I do not feel that this maxim of CBT(for neuroses) can be applied to work with psychotic patients.
COPING STRATEGY ENHANCEMENTS employing what might be termed safety behaviours,such as listening to music or challenging troublesome voices,give the psychotic patient some return of control over their symptoms.When such homework is reviewed
at the beginning of new sessions the patient can see the reality of his/her strategies de-powering their symptoms.So teaching the patient "to be their own therapist " in the true cbt sense.

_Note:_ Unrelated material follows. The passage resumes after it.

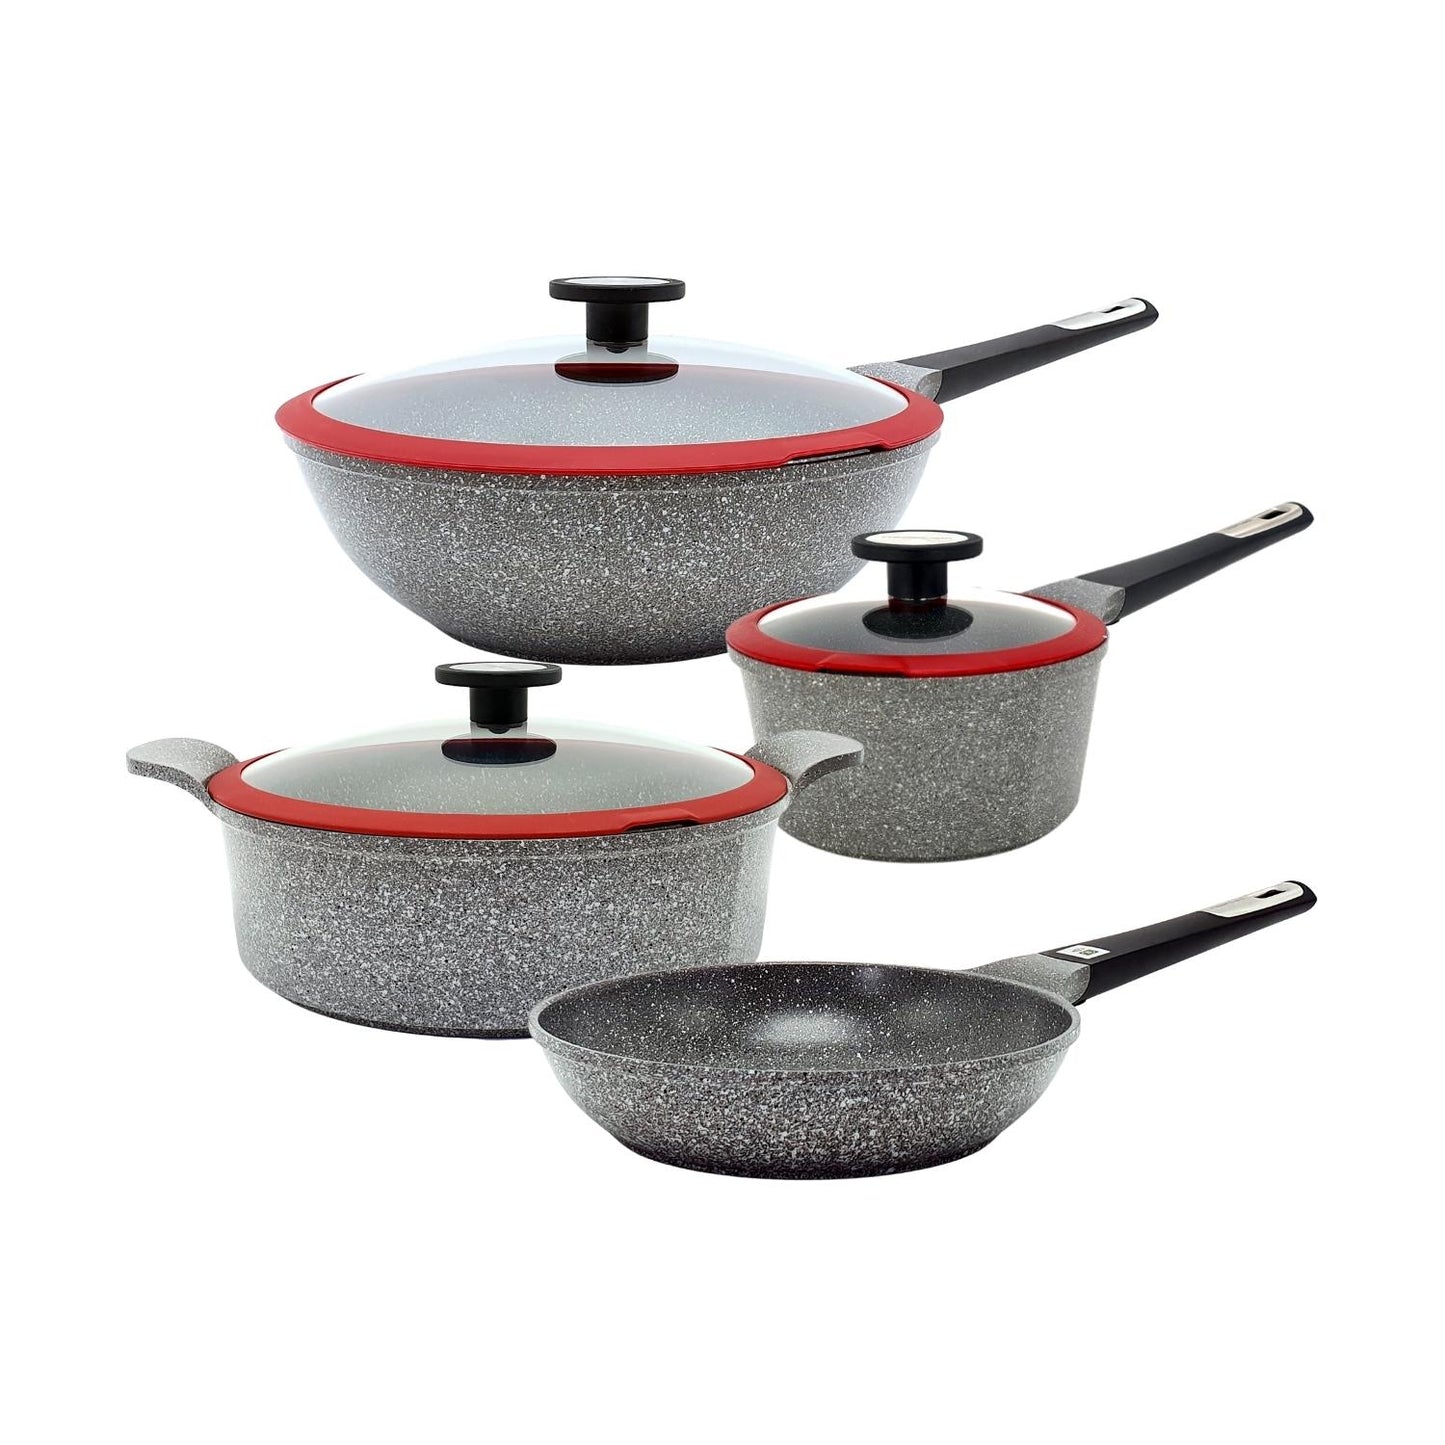 Neoflam Pote Gourmet 7-Piece Cookware Set
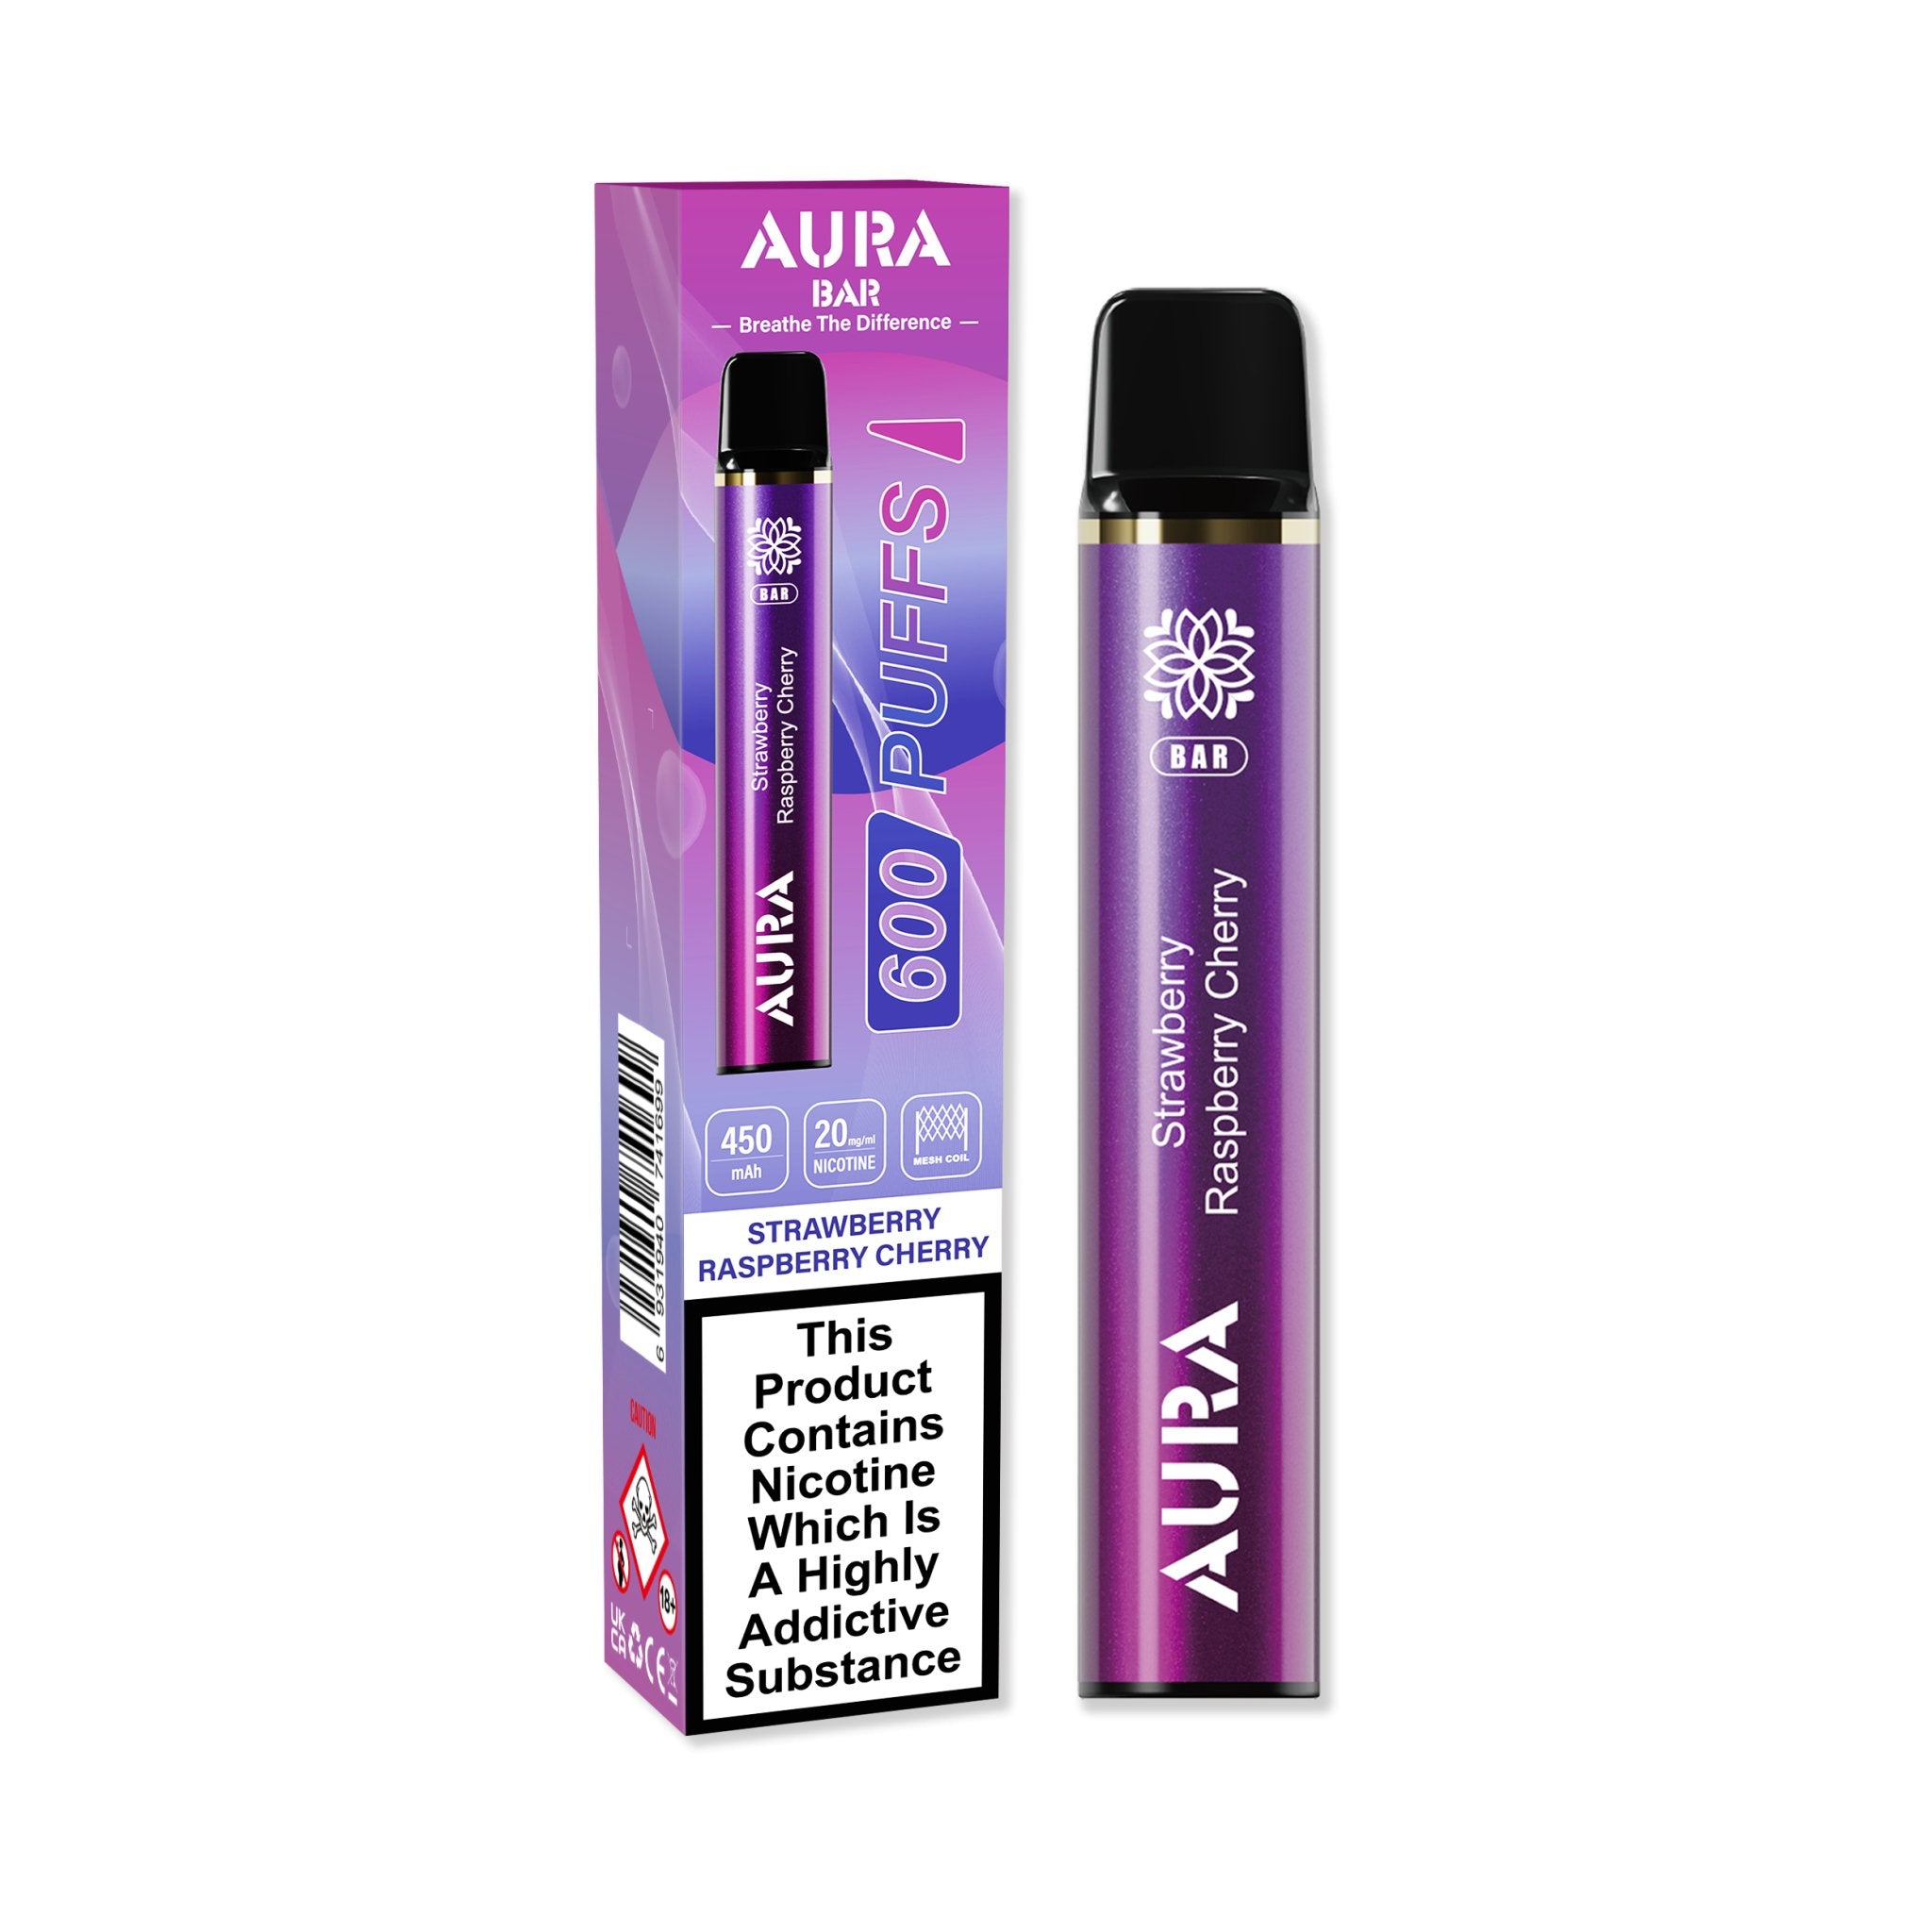 Aura Bar 600 Puffs Disposable Vape By Crystal Prime - Wolfvapes.co.uk-Strawberry Raspberry Cherry

Much current research into the use of cbt with psychosis seems to focus on a patient group receiving treatment for "first episode psychosis".Often in an out-patient setting or within the patient's home.The discouragement of safety behaviours in this group may apply,as their beliefs about their symptoms have not yet have had time to become schema -rooted.I would suggest that this does not apply to chaotic, severely disturbed in-patients,whose beliefs about their delusions or voices may be well entrenched due to the passage of time.Having settled into a deep schema network.
Any thoughts or ideas on what I've said(or not said)!
would be appreciated.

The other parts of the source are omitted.